SOURCE: TUSHKAR SHIRODKAR / FOR MY TAKE / IDRW.ORG.
After being snubbed by stiff US export control laws on sharing of 5th generation fighter aircraft technologies, Japan has taken upon itself to develop most of the technologies required for the development of a 5th generation fighter jet to be called F-3 while it continues to induct American made F-35 Stealth fighter jets in good numbers.
According to latest media reports, F-3 design will be only confirmed in 2020 but it will much bigger aircraft then X-2 Shinshin Advanced Technology Demonstrator aircraft which flew in 2016 and many defense analysts predict that Japan is going for an F-22 class fighter jet which means it could have an MTOW of over 35 tonnes and to meet power demands of such Heavy class stealth fighter jet, Japan as developed and begun testing of XF-9-1 low-bypass turbofans developed by Ishikawa Heavy Industries (IHI).
According to IHI, XF-9-1 is a low-bypass turbofan already which has already demonstrated 108kN of dry thrust and also has reached engine wet thrust requirement of 150kN thrust.
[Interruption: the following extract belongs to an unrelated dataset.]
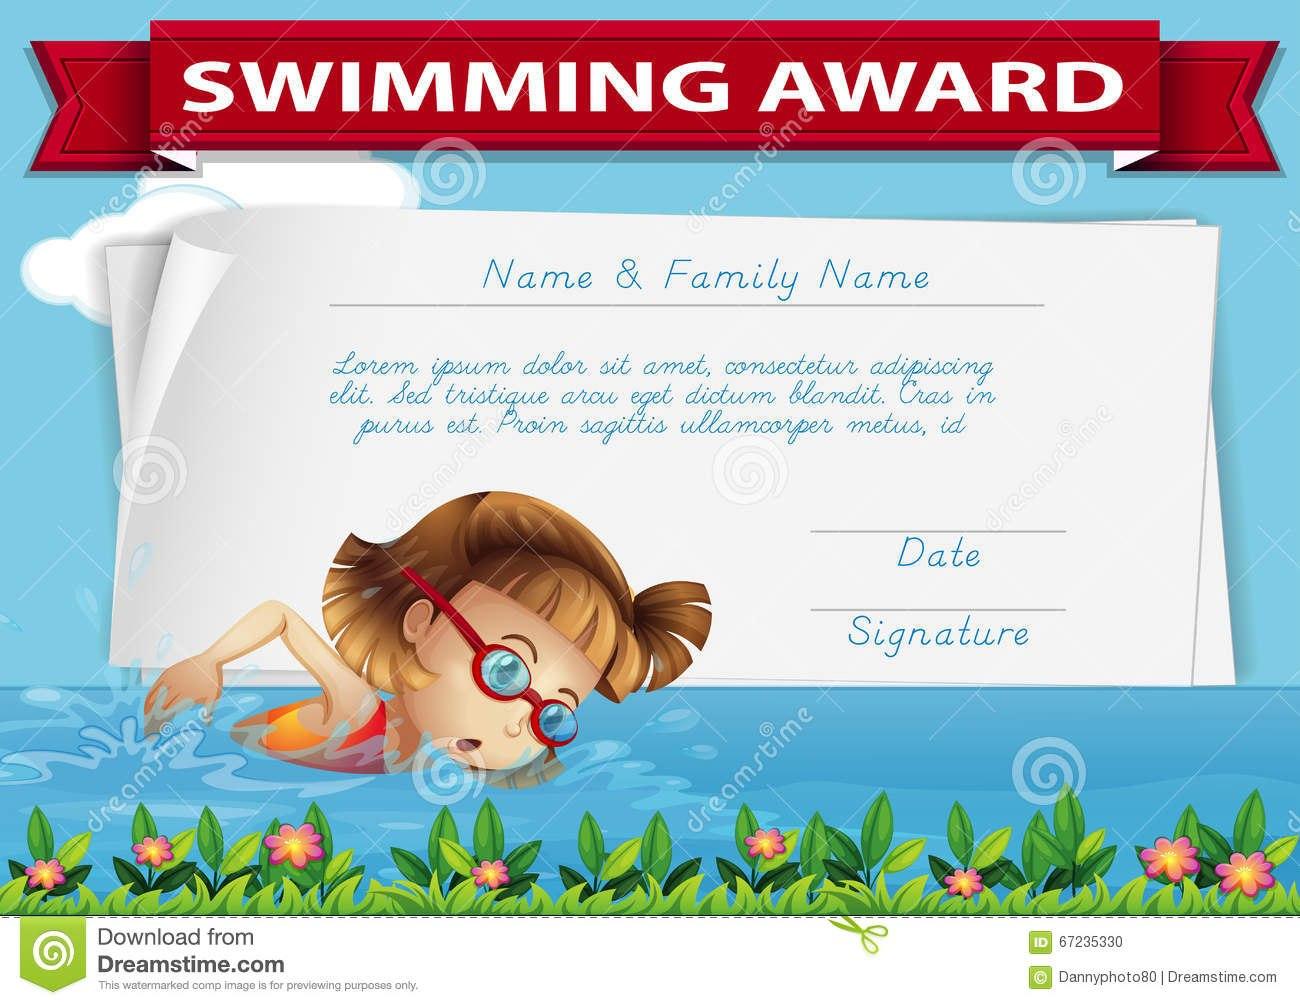 Swimming Award Certificate Template Stock Illustration Inside Swimming Certificate Templates Free

XF9-1 prototype developed is close to the General Electric F110 in size, and is comparable to the Pratt & Whitney F119 in terms of thrust class. F119 turbofan engines are what powers F-22 fighter jets and have 116kN of dry thrust and 156kN wet thrust but XF-9-1 is half-meter shorter and 30 centimeters slimmer than the F-119, leaving more room for internal weapons.
In 2016, when Mitsubishi X-2 Shinshin experimental aircraft took to air for the first time and was to be used as a template for testing many of the technologies required for the F-3 program but it was mocked by many western and Chinese defense analysts after it was found that Japan used an under powered IHI developed XF5-1 low-bypass turbofan engines which barely generated 49kN of Wet thrust but many were in for shock and surprise when IHI showcased fully developed XF-9-1 prototypes in 2017 and started testing them in 2018.
XF-9-1 prototype already has gone through Maximum verification thrust tests in 2018 and already demonstrated 108kN of dry and 150kN of wet thrust, IHI team which begin its research in the development of low-by pass turbofan engine in ’70s, started from developing a basic F3-IHI-30 engines (16.32 kN ) to power its T-4 Subsonic trainer and then later moved to develop XF3-400 engine (30kN) and later developed XF5-1engines (49kN) which became base to develop F-7 (60kN) engine which is used to power Kawasaki P-1 maritime patrol aircraft but Japan was still not able to develop any engine beyond 60kN Wet Thrust which was one of the reasons many mocked them when they announced to develop 5th generation fighter jet with an indigenous engine.
Back home in India. Our low-bypass turbofan experts have developed the Kaveri prototype (K9) engine which has been successfully tested and also demonstrated 83Kn of Wet thrust at Gromov Flight Research Institute in Moscow and even has been certified by French Safran for flight-testing onboard a test-bed aircraft. Current 83Kn of Wet thrust is not enough to power 83 LCA-Tejas Mk1A or even older Mk1 variants but headway in the program do show that influx of additional funding and integration of other agencies along with additional manpower, along with organizations changes in the GTRE can help develop an engine which can be used to develop a wet thrust range from 110Kn to 125Kn.
A Successful Kaveri engine is a necessity not only for the AMCA program but also for the upcoming Ghatak UCAV, SPORTS ( Lead in fighter), Medium Weight Tejas MkII, Naval TEDBF, Naval-AMCA programs. Spin-offs of the Kaveri engine program can be used to develop small turbofan engines for future military cargo and transport planes in the near future.
Instead of running behind the United States for Joint venture and transfer of technology for the core technology, which they will never agree to, India should instead focus on developing K10 engine based on the experience and on the transfer of technology it has received from Russian AL-31F and RD-33 engines to develop a new engine which can meet western standards, but our immediate focus should be to complete flight trials of the K-9 engines on a test-bed aircraft preferably first on a twin-engine Su-30MKI powered by K9 and AL-31F engine and later on LCA-Tejas Prototypes so that at least a Dry variant of the engine generating 50kN of thrust will be ready for production for the Ghatak UCAV program.